(Recorded data)
====================

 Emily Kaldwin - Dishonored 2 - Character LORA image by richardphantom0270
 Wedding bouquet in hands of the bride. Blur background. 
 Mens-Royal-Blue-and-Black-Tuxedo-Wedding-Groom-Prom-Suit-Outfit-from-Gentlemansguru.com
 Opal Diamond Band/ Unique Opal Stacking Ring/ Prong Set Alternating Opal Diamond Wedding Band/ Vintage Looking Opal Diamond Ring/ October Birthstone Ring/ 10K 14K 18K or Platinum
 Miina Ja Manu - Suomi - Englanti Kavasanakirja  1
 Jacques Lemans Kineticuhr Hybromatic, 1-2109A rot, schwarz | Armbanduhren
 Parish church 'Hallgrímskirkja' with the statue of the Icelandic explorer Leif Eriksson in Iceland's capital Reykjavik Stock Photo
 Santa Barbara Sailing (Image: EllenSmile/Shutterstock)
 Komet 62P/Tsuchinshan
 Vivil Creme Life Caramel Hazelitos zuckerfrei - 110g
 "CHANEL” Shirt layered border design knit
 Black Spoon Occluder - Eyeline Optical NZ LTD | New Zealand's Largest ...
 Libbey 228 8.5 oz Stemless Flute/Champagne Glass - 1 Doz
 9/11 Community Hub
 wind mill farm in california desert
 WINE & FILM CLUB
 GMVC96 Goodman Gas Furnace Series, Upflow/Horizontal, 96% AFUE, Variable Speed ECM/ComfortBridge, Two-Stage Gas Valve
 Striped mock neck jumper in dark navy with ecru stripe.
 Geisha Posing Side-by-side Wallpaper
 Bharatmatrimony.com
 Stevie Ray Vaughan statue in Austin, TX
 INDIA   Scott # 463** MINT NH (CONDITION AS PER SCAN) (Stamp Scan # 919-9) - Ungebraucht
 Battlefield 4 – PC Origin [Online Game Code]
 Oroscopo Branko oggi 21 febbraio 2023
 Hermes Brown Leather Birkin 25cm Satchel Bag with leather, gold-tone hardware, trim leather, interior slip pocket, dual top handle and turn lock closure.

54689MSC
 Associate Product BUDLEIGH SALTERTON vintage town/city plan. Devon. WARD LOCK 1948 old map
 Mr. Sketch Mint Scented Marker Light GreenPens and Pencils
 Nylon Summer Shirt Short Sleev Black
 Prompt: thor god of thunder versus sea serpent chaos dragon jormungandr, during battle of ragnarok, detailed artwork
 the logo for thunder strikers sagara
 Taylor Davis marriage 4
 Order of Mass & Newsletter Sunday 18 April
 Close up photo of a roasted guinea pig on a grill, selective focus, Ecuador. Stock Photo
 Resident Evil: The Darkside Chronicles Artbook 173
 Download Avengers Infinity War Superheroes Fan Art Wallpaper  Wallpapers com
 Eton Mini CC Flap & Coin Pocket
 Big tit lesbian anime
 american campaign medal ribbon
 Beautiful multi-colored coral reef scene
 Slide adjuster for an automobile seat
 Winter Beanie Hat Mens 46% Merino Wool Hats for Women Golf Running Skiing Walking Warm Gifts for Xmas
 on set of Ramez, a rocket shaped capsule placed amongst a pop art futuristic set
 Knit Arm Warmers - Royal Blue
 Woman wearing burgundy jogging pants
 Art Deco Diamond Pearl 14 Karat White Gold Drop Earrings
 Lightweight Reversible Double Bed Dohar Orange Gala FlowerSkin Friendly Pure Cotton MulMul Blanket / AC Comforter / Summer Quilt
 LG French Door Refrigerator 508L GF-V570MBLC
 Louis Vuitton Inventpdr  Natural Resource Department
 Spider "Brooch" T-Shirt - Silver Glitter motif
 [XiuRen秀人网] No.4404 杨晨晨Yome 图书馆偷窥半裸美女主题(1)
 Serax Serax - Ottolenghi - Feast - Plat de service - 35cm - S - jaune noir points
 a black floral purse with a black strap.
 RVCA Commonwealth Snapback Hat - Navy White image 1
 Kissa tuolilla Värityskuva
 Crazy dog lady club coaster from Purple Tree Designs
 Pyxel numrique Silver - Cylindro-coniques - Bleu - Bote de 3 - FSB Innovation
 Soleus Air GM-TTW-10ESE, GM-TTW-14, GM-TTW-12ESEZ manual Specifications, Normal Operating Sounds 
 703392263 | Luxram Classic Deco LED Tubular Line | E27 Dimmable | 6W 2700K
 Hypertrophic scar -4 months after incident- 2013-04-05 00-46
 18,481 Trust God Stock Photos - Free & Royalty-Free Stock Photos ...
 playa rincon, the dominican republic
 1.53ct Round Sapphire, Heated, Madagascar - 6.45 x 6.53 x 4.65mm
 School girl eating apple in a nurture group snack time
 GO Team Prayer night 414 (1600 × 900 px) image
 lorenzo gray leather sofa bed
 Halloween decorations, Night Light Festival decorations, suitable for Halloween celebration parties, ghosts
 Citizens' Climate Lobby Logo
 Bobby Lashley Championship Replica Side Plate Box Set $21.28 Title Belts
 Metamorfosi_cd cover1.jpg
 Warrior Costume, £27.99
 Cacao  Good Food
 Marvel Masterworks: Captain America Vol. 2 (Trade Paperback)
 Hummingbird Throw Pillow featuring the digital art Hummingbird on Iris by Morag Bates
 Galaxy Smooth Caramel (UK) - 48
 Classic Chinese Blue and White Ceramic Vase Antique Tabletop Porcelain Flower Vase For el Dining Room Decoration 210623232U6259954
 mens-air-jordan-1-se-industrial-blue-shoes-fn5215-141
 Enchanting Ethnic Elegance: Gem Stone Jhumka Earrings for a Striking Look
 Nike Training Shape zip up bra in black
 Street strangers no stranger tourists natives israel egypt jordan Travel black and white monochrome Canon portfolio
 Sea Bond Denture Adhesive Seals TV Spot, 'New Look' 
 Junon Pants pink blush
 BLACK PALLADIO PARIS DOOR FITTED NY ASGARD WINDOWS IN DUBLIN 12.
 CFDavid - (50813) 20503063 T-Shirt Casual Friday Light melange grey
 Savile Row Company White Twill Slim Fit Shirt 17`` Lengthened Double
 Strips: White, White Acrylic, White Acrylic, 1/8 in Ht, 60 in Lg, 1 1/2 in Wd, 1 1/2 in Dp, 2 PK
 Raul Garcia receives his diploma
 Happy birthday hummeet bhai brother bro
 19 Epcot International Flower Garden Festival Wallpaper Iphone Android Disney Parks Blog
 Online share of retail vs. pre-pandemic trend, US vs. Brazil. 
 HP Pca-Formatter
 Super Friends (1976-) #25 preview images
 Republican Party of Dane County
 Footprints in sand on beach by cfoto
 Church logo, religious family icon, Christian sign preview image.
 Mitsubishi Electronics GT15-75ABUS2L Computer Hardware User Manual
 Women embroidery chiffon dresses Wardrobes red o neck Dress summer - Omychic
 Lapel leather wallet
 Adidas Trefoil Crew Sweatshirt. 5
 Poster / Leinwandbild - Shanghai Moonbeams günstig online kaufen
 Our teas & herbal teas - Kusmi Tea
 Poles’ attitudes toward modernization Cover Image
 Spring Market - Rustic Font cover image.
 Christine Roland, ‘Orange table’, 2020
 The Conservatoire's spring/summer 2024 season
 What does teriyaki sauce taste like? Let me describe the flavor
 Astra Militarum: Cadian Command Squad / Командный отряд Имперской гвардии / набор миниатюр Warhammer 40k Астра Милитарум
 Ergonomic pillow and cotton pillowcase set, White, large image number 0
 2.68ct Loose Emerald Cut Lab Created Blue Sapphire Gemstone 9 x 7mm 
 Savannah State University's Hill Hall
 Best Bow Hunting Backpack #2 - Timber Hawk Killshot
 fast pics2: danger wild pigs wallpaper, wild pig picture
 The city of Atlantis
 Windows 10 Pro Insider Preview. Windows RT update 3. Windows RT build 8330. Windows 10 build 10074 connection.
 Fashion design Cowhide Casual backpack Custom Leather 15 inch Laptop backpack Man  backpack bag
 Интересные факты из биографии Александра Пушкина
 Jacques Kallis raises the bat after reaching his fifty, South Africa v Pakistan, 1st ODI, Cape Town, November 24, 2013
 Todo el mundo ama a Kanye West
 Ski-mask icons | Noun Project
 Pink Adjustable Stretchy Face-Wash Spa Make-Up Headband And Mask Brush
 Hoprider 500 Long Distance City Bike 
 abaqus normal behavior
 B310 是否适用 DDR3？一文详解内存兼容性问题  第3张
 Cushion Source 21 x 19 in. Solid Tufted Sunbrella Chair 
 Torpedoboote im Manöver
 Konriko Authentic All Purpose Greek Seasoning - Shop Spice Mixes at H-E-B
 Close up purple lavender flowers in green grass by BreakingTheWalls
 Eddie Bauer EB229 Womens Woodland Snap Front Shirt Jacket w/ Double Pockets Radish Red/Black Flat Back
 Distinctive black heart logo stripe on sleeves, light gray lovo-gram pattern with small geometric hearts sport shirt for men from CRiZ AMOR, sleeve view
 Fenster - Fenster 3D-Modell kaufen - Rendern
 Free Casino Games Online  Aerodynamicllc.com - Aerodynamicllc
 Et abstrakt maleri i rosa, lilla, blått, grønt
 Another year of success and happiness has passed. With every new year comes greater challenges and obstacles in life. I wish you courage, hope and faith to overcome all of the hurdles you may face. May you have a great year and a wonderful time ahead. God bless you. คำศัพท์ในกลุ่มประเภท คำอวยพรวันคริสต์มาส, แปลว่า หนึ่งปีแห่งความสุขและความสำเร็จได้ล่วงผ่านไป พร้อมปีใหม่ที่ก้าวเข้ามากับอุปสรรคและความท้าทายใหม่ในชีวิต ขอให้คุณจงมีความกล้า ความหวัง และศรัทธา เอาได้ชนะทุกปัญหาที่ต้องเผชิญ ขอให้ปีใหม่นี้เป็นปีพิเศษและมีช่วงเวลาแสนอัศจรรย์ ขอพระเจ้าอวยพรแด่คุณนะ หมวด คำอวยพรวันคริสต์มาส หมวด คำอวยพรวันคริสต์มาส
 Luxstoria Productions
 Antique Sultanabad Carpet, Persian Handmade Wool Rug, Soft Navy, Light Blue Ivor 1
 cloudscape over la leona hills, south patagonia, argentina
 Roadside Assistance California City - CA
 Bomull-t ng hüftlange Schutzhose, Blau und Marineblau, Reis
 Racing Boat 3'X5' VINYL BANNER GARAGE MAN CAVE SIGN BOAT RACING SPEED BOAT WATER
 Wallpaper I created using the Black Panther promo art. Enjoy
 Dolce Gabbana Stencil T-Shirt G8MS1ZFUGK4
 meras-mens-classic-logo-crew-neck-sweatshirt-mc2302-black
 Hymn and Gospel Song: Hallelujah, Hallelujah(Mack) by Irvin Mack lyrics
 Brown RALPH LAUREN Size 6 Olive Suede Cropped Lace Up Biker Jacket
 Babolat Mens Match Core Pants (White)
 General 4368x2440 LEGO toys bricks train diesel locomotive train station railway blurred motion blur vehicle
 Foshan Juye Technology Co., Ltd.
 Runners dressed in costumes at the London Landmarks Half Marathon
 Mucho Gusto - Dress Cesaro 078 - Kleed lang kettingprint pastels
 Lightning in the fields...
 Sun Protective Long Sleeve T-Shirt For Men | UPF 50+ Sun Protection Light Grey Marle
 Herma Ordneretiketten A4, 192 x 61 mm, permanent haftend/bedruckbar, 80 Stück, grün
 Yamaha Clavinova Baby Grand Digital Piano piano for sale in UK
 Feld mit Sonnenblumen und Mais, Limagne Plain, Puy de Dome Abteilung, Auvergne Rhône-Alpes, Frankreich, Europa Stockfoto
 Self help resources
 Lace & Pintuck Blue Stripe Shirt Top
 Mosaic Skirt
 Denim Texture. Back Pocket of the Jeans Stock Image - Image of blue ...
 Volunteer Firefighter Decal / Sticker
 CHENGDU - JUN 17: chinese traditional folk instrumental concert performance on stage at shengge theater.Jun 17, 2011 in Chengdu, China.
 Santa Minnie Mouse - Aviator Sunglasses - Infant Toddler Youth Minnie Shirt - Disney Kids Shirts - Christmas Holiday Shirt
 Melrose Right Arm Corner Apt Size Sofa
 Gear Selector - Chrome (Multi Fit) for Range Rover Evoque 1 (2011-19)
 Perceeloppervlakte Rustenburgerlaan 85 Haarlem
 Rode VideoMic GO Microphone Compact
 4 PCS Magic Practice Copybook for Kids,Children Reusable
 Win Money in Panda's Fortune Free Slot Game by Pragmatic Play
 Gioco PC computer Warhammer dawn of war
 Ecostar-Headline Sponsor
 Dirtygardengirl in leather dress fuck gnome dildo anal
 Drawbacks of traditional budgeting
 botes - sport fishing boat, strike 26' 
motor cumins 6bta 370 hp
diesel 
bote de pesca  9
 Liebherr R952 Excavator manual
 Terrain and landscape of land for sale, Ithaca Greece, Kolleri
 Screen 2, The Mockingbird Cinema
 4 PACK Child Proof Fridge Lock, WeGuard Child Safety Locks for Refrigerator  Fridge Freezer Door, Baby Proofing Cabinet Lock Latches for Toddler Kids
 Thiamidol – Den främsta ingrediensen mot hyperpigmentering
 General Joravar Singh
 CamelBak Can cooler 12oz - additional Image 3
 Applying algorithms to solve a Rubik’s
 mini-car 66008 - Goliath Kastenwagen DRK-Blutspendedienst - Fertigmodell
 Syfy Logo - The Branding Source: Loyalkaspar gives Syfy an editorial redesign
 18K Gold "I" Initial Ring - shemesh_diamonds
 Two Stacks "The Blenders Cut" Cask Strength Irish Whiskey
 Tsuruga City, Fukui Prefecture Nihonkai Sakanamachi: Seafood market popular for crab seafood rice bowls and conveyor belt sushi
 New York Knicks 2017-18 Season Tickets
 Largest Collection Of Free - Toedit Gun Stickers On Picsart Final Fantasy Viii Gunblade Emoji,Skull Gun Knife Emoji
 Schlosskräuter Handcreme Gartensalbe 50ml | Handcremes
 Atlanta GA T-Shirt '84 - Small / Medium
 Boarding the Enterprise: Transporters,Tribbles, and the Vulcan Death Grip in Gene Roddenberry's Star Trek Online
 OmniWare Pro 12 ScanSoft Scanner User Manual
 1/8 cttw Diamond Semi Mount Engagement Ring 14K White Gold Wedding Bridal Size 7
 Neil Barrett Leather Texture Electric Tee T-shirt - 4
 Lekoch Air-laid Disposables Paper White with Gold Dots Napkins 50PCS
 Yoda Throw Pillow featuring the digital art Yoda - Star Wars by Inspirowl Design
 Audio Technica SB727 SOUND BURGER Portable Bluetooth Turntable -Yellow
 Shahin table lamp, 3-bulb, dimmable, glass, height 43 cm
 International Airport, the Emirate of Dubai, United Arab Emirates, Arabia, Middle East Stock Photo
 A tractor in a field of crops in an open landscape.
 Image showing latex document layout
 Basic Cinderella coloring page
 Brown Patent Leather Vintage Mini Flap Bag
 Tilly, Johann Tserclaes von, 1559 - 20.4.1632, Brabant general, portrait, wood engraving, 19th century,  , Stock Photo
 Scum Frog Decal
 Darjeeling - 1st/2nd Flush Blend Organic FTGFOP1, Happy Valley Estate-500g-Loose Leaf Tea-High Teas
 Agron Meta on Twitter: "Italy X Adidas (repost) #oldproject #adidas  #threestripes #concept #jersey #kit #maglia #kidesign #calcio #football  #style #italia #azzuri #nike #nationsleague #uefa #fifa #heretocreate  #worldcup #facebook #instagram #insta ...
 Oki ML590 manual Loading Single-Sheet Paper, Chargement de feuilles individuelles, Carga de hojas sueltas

====================

## About this task
Each line of the entries above that contains "Long" must be copied into the answer.

## Solution for this task
 Hoprider 500 Long Distance City Bike 
 Sun Protective Long Sleeve T-Shirt For Men | UPF 50+ Sun Protection Light Grey Marle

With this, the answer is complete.